== Task to complete ==
Using the material below, repeat exactly the lines from the one with "板式多层一梯二户三室二厅二卫户型CAD图纸(119/119)" through the one with "Tulip Floral Arrangement", ends included, without any images.

== Data records ==
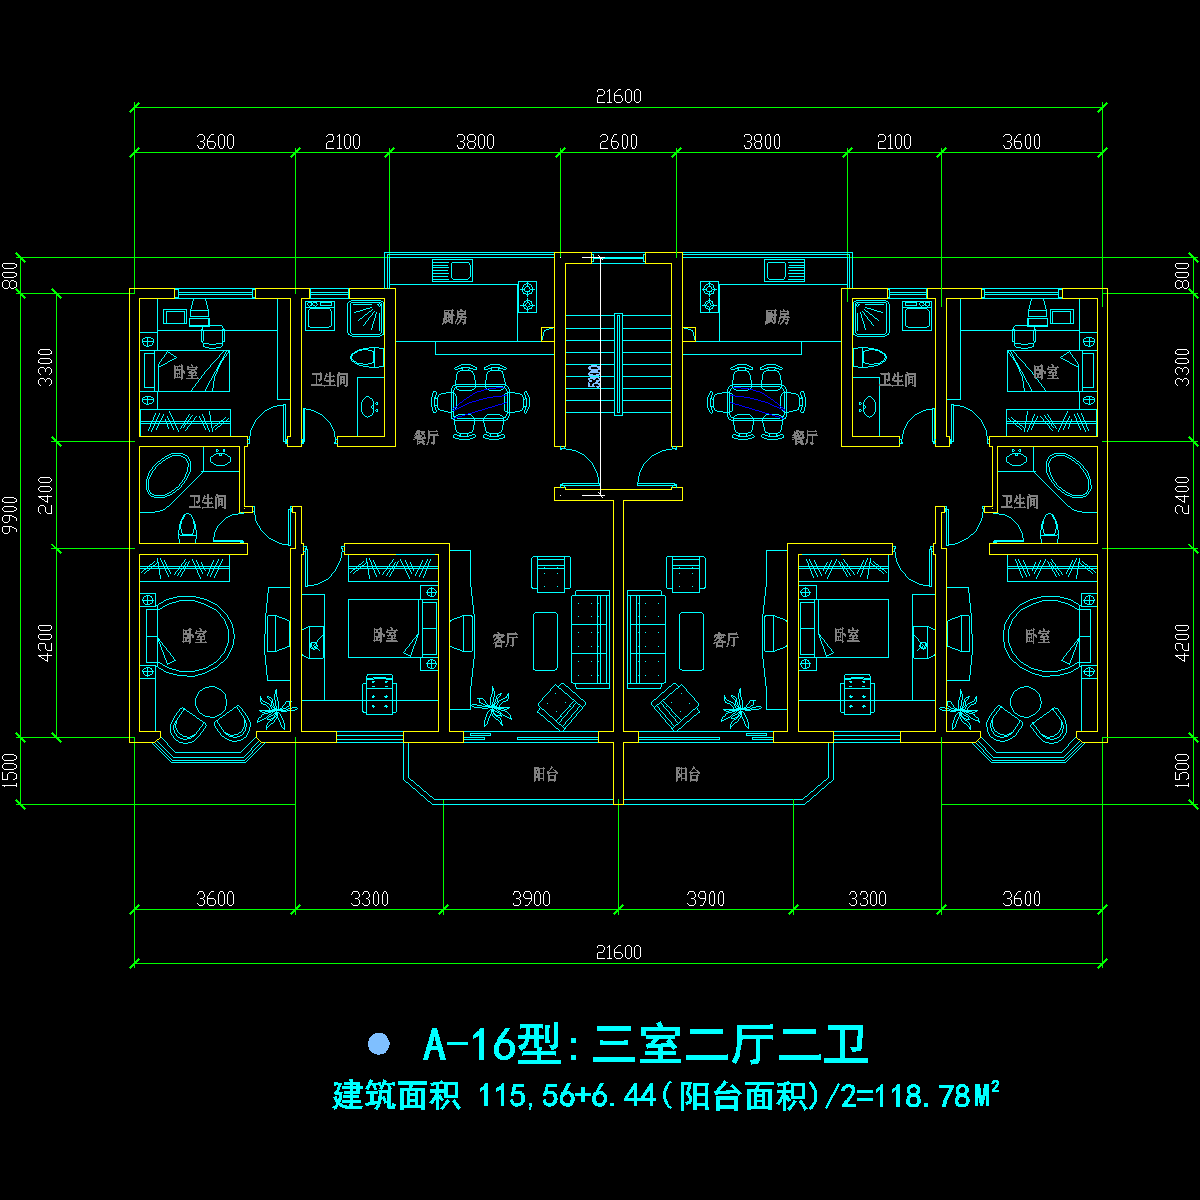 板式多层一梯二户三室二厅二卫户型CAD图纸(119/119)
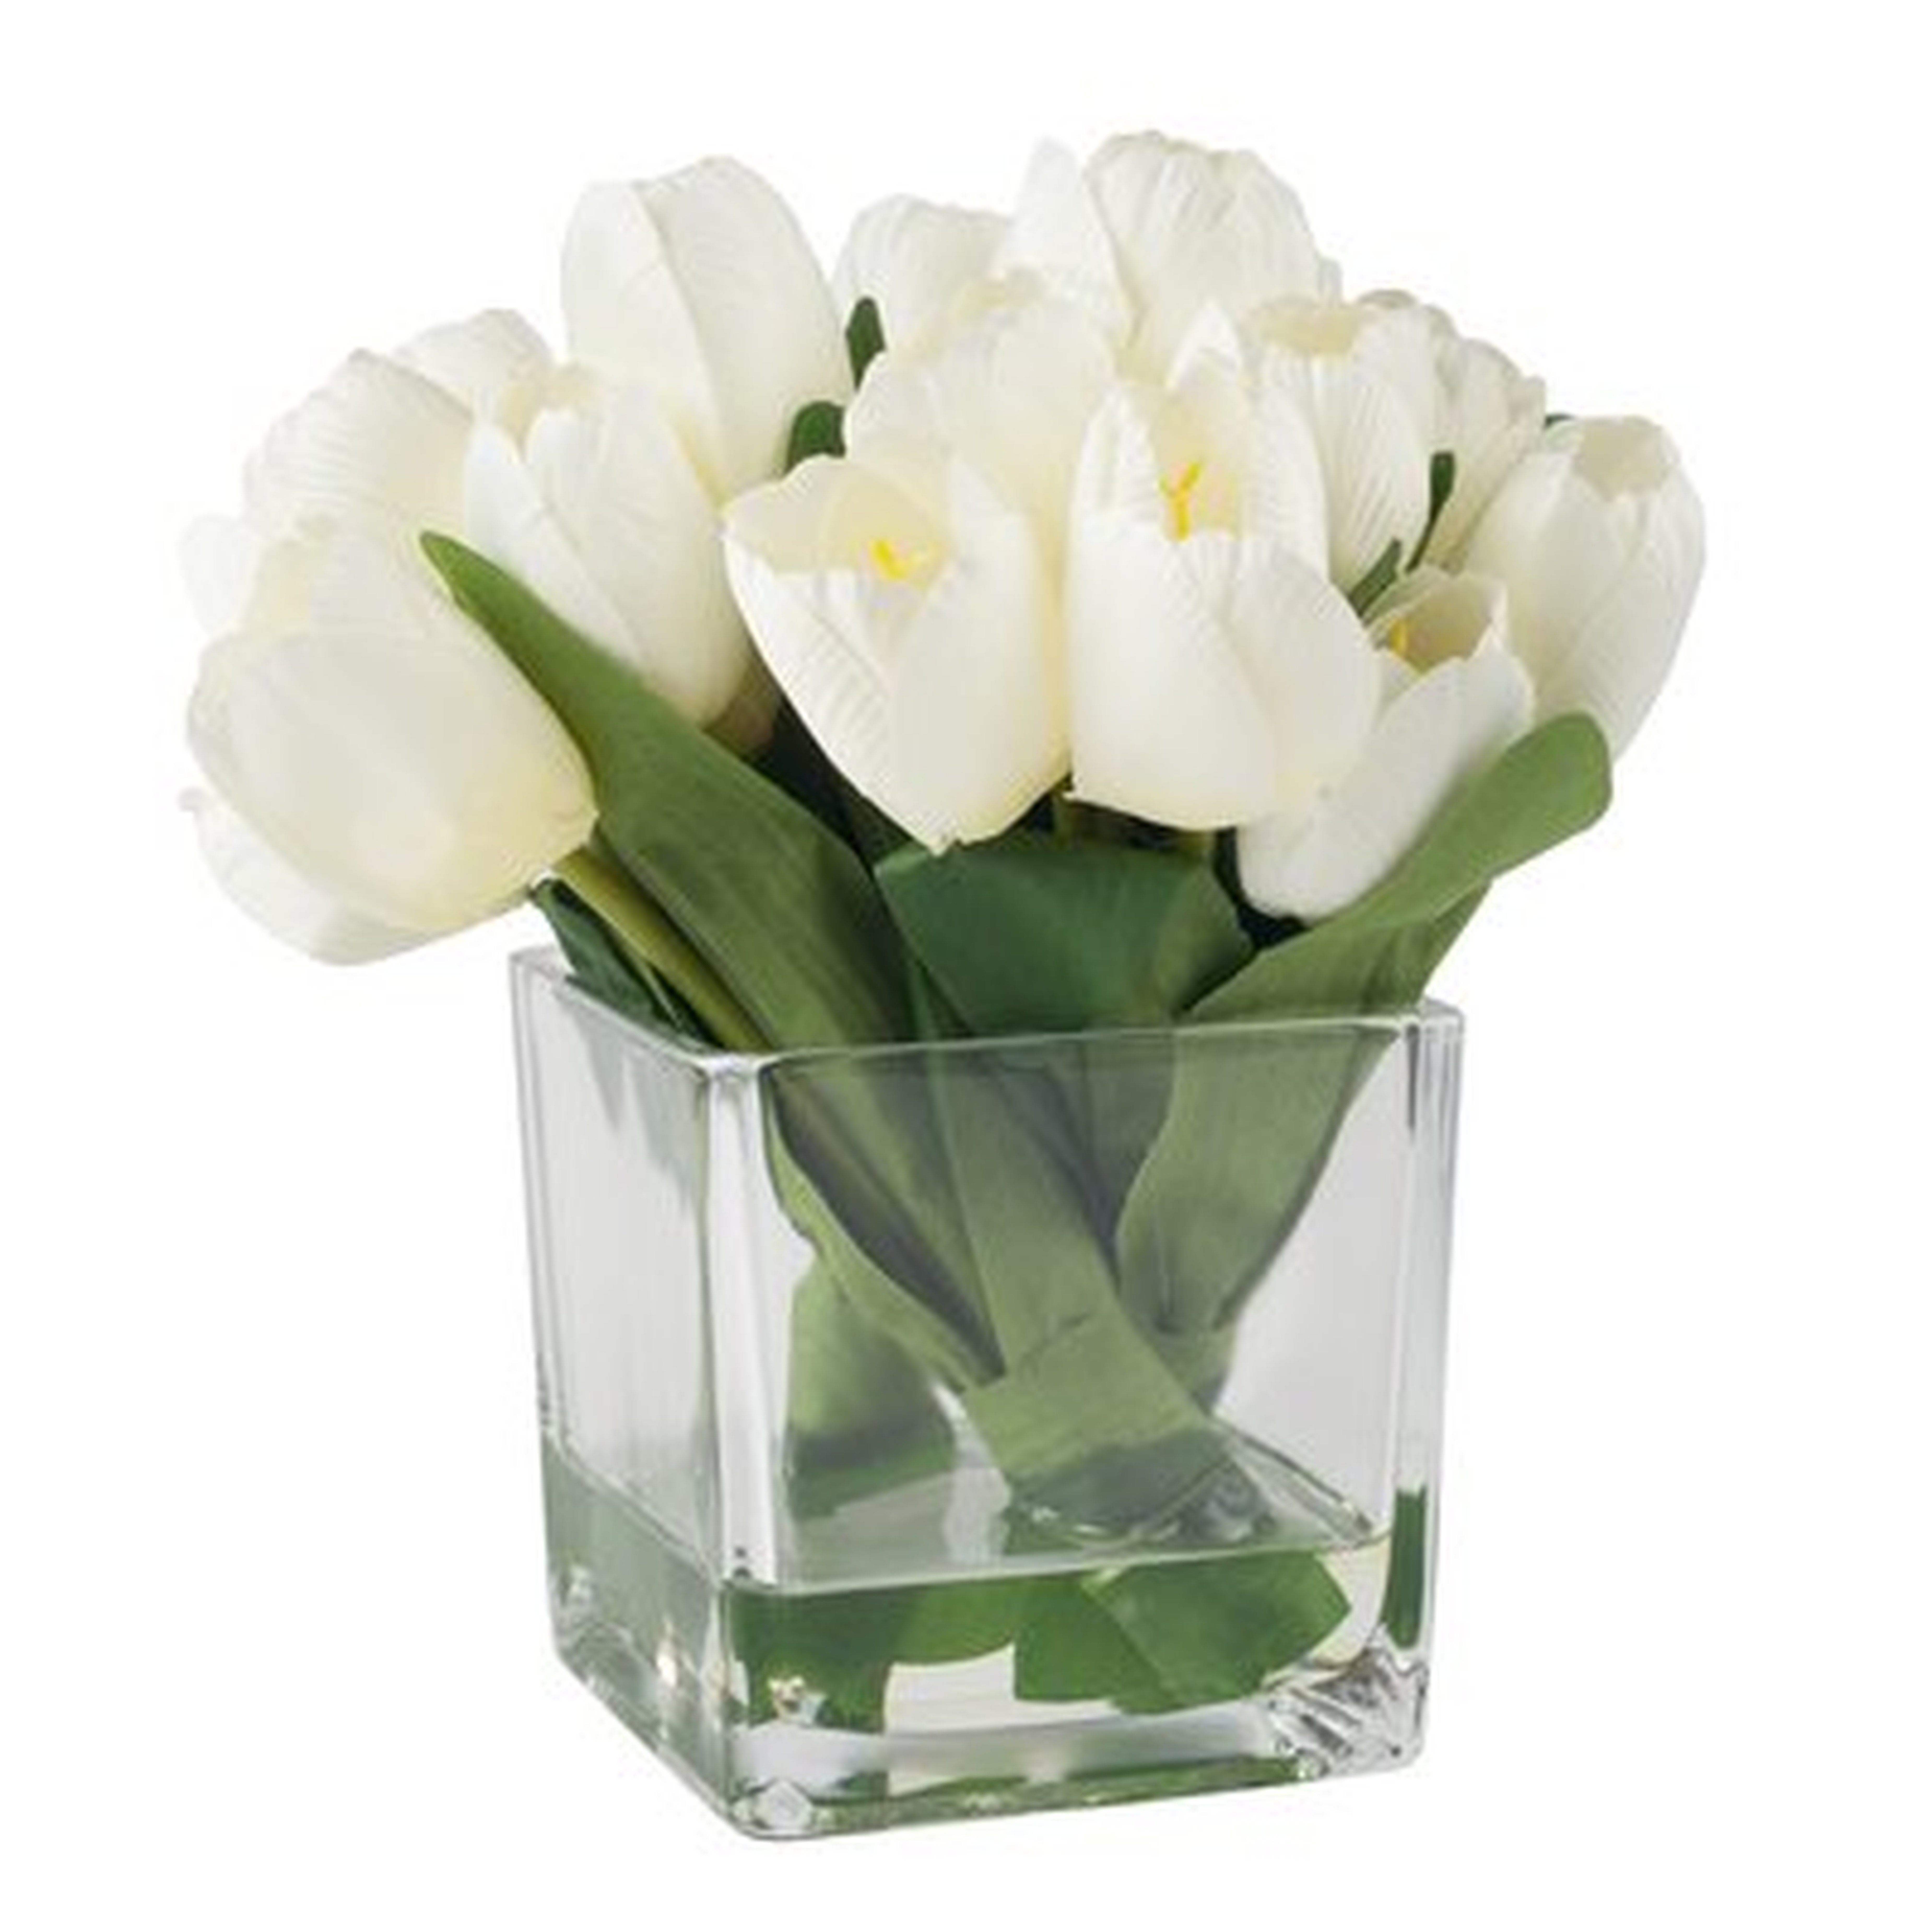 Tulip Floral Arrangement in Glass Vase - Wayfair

* * *

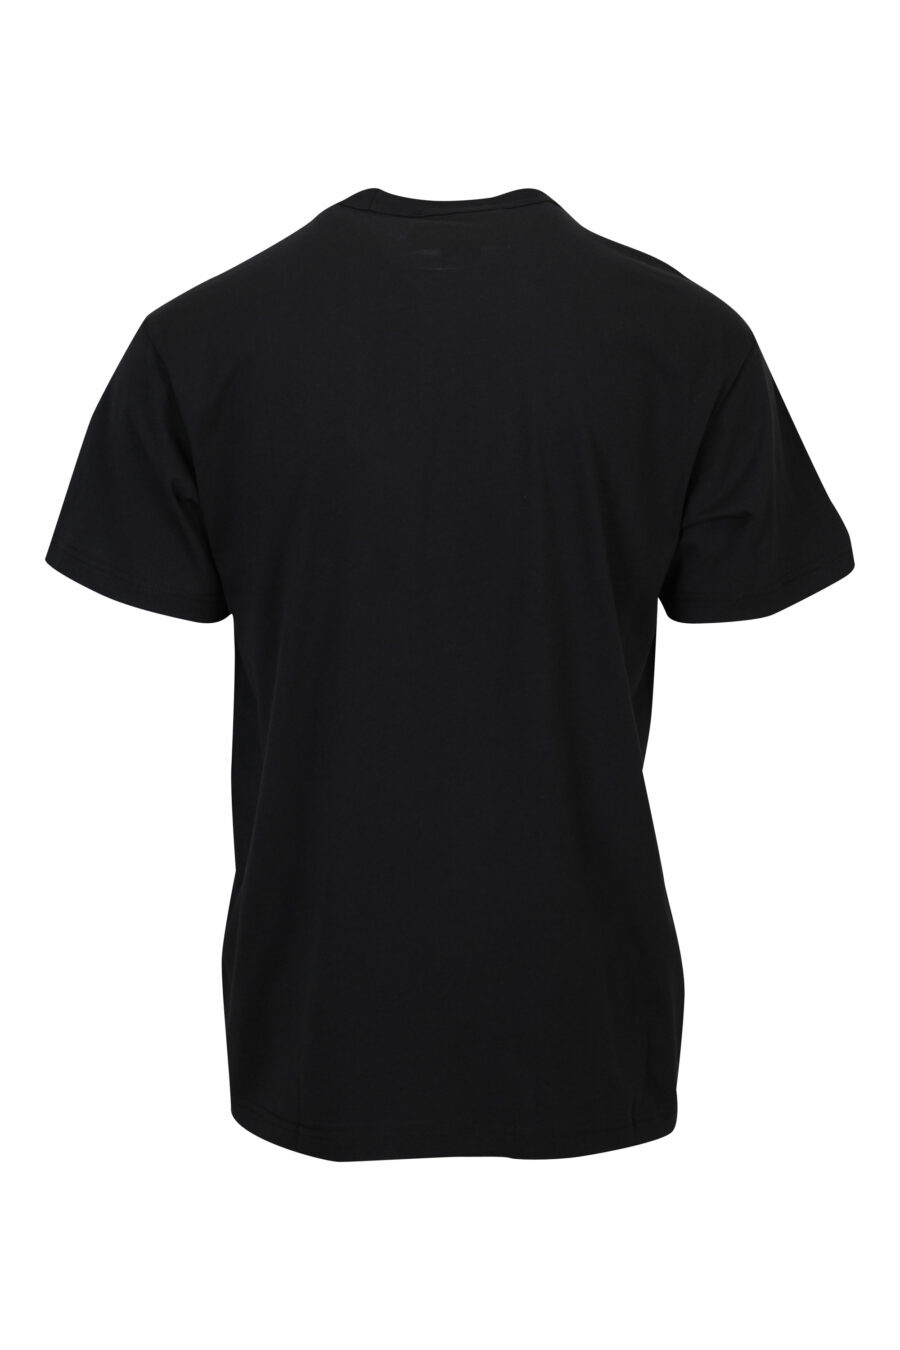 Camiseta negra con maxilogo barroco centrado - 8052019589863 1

== Written response ==
 板式多层一梯二户三室二厅二卫户型CAD图纸(119/119)
 Tulip Floral Arrangement in Glass Vase - Wayfair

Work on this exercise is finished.